South Carolina's High Court Clarifies Rules on Construction Defect Coverage

Clarifying several rulings on coverage for construction defects, South Carolina’s Supreme Court ruled this week that a trial court did not err in determining that a CGL policy covered damages awarded to a homeowner in an arbitration against an insured contactor for water intrusion related to negligent application of stucco by a subcontractor. The court first clarified prior decisions and found that an “occurrence” is present where defective construction results in property damage. The court acknowledged that there was some confusion in the trial courts as to the difference between an “occurrence” of alleged negligent construction from negligent construction resulting in an “occurrence.” The court concluded that although “the stucco subcontractor’s negligent application is not on its own sufficient to constitute an “occurrence,” we find that . . . the continuous water intrusion into the home resulting from the subcontractor’s negligence qualifies as an “accident” involving “continuous or repeated exposure to substantially the same harmful conditions.” The court additionally rejected the insurer’s argument that the water intrusion damages were excluded under the policy as “expected or intended” damages as the insured contractor certainly did not intend for its subcontractor to perform negligently. Finally, the court allowed for recovery under the policy for that portion of the arbitration award concerning removal and replacement of the stucco stating this was necessary in order to remedy the extensive water intrusion damage behind the stucco and was therefore associated with remedying covered property damage.

Illinois Supreme Court Limits Targeted Tenders To Excess

The Illinois Supreme Court has ruled that targeted tenders do not trump the rule of horizontal exhaustion in construction defect cases.  As a result, additional named insureds must now  exhaust their own primary insurance before they can reach the excess layer of additional insured coverage. The court declared that “extending the targeted tender rule to require an excess insurer to pay before a primary policy would eviscerate the distinction between primary and excess insurance.” The court ruled, therefore, that despite Kajima’s targeted tender to St. Paul after the sub’s primary exhausted, Kajima was required to exhaust its own primary insurance before St. Paul paid.

In Kajima Construction Services, Inc. v. St. Paul Fire & Marine Ins. Co., No. 103588 (Ill. November 29, 2007), a general contractor and its own insurer (Tokio Marine) sued St. Paul to recover $1 million that Tokio had contributed to a $3 million personal injury settlement.  St. Paul, which had issued primary and umbrella coverage to a subcontractor that named Kajima as an additional insured, paid its $2 million primary limit but stated that its umbrella policy was excess of Kajima's own primary insurance and need therefore not contribute.
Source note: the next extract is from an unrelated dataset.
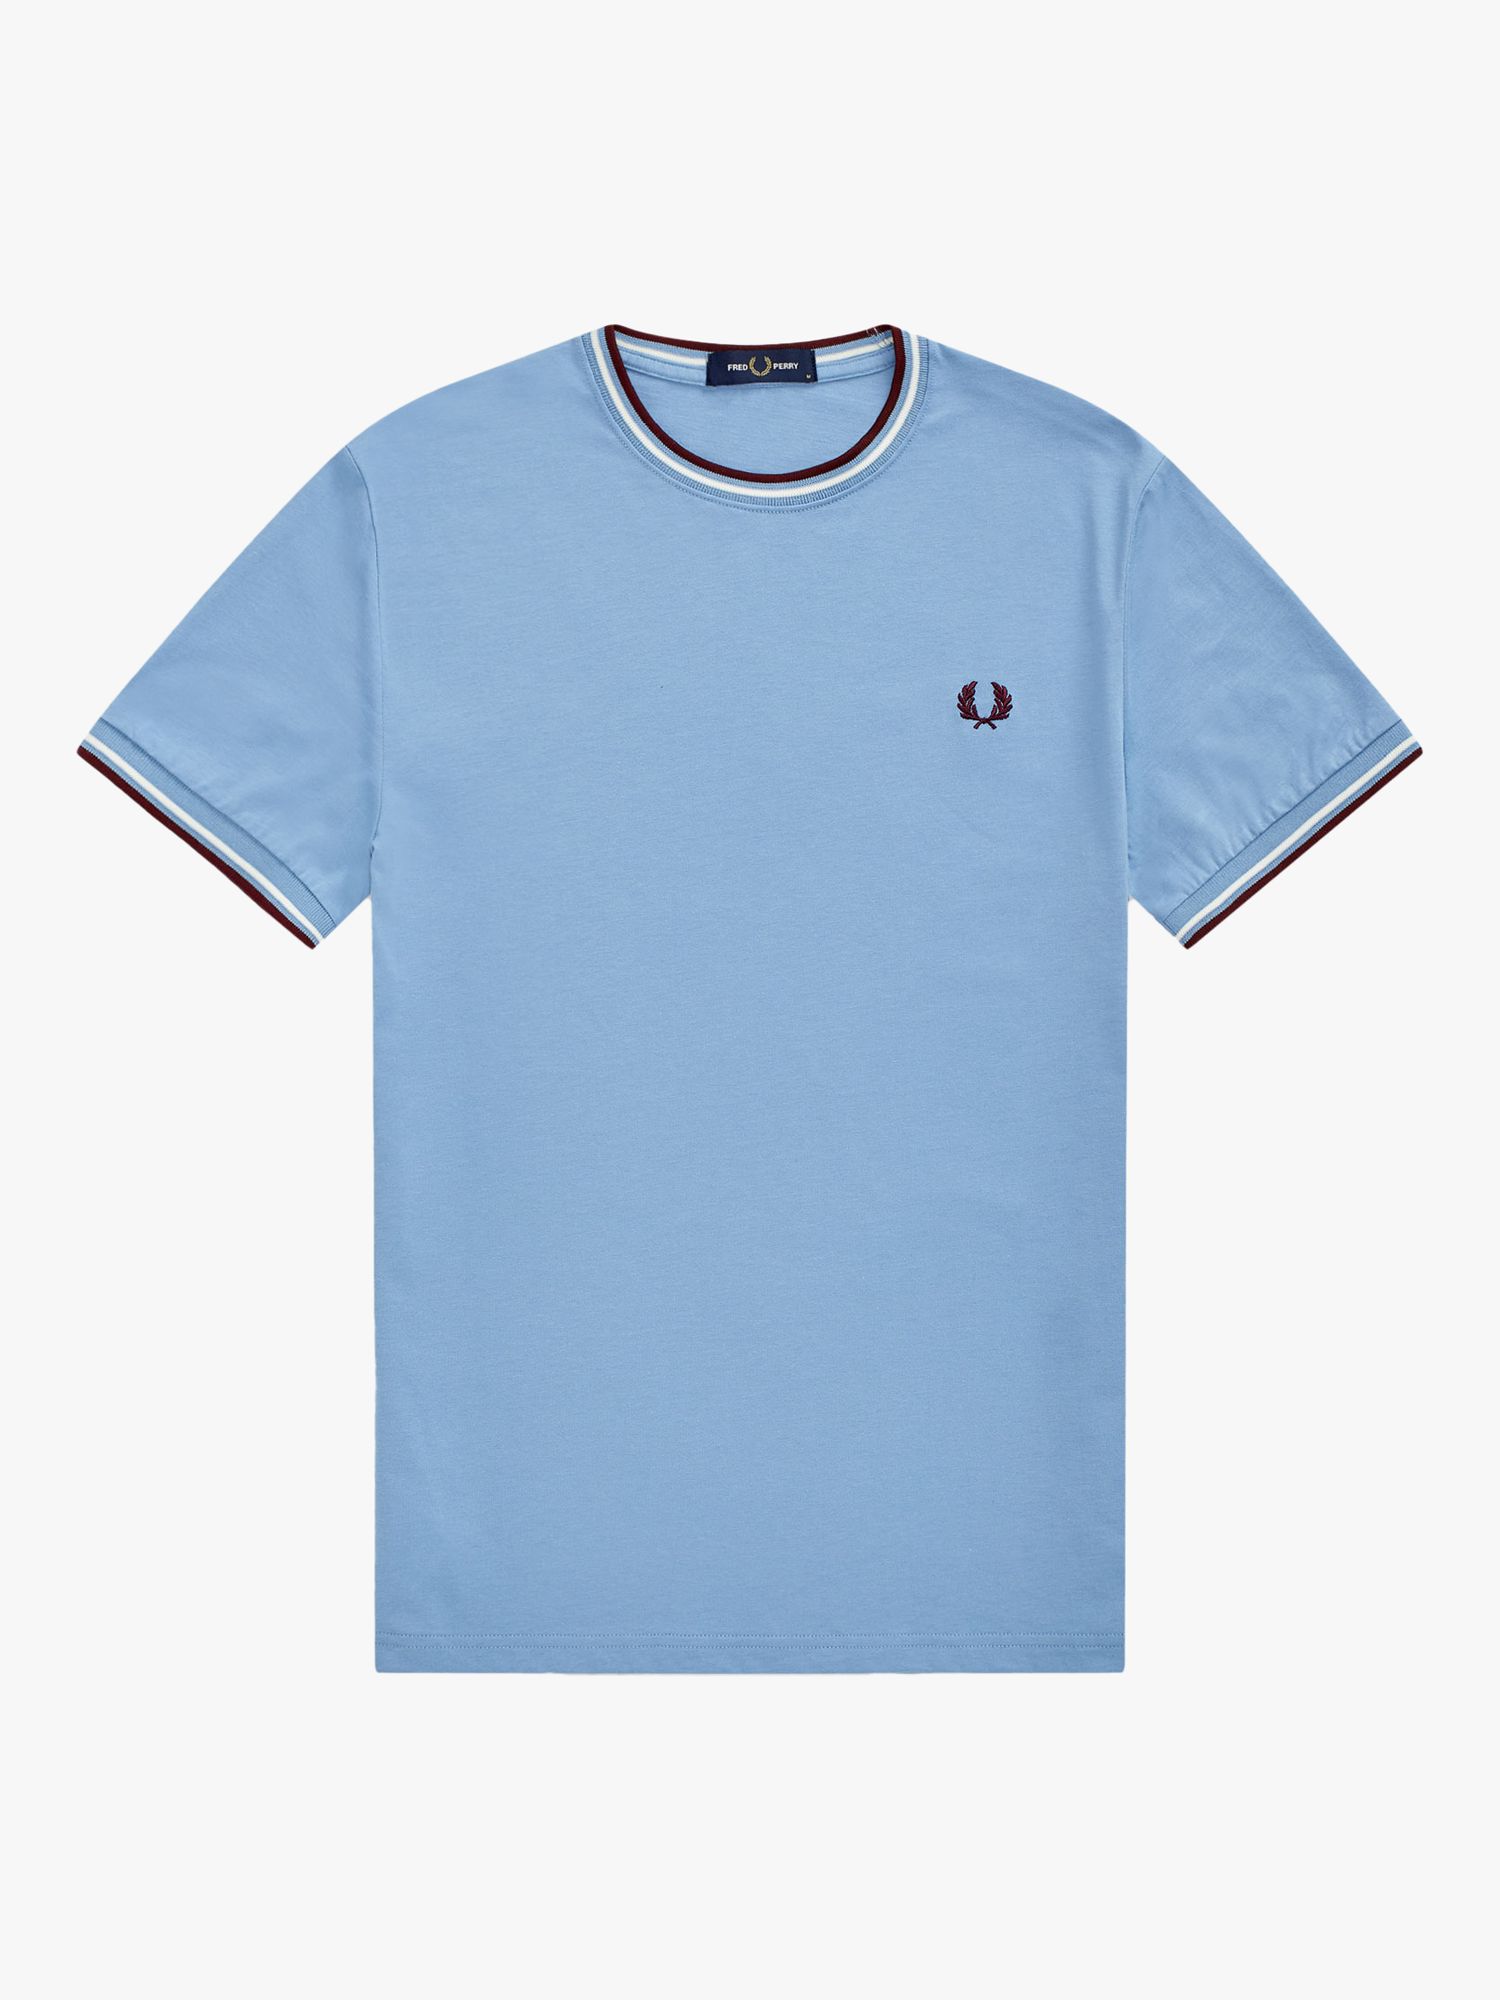 Fred Perry Crew Neck Twin Tipped T-Shirt | Light Blue at John Lewis & Partners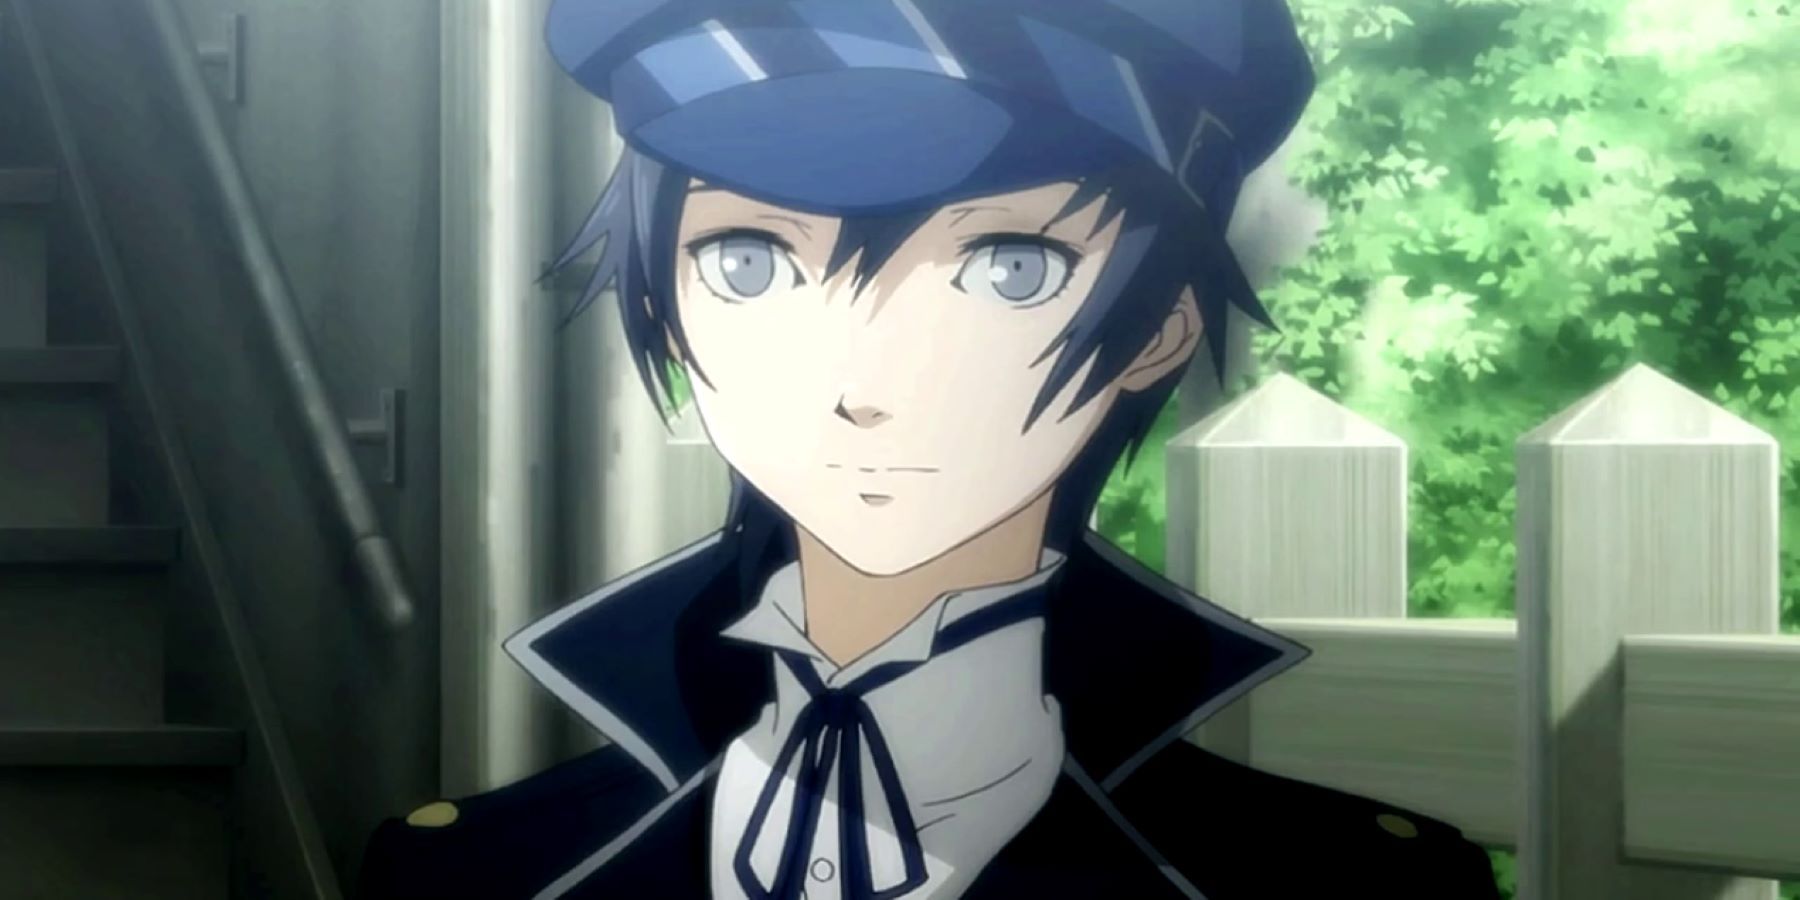 Naoto Shirogane in an animated cutscene from Persona 4 Golden

For the last several years, Illinois has followed the unique path of allowing insureds to designate the particular line of coverage under which they wish to be covered where multiple policies cover a construction claim.  In most such cases, therefore, a general contractor's first line of coverage is the CGL policy issued to a subcontractor on which it is listed as an additional insured.   The logical extension of this "targeted tender" theory would make the sub's umbrella policy the second line of defense.   However, that analysis conflicts with the principle of "horizontal exhaustion," wherein all available primary insurance must be exhausted before an umbrella pollicy must pay.  As a result, most courts have ruled that the general contractor's own CGL policy must pay after the sub's primary insurance.

In adopting the majority rule, the Illinois Supreme Court seems to have implicitly acknowledged some of the practical and doctrinal problems that result from a court making up a legal doctrine that is rooted more in a court's vision of public policy than the language of the policies themselves.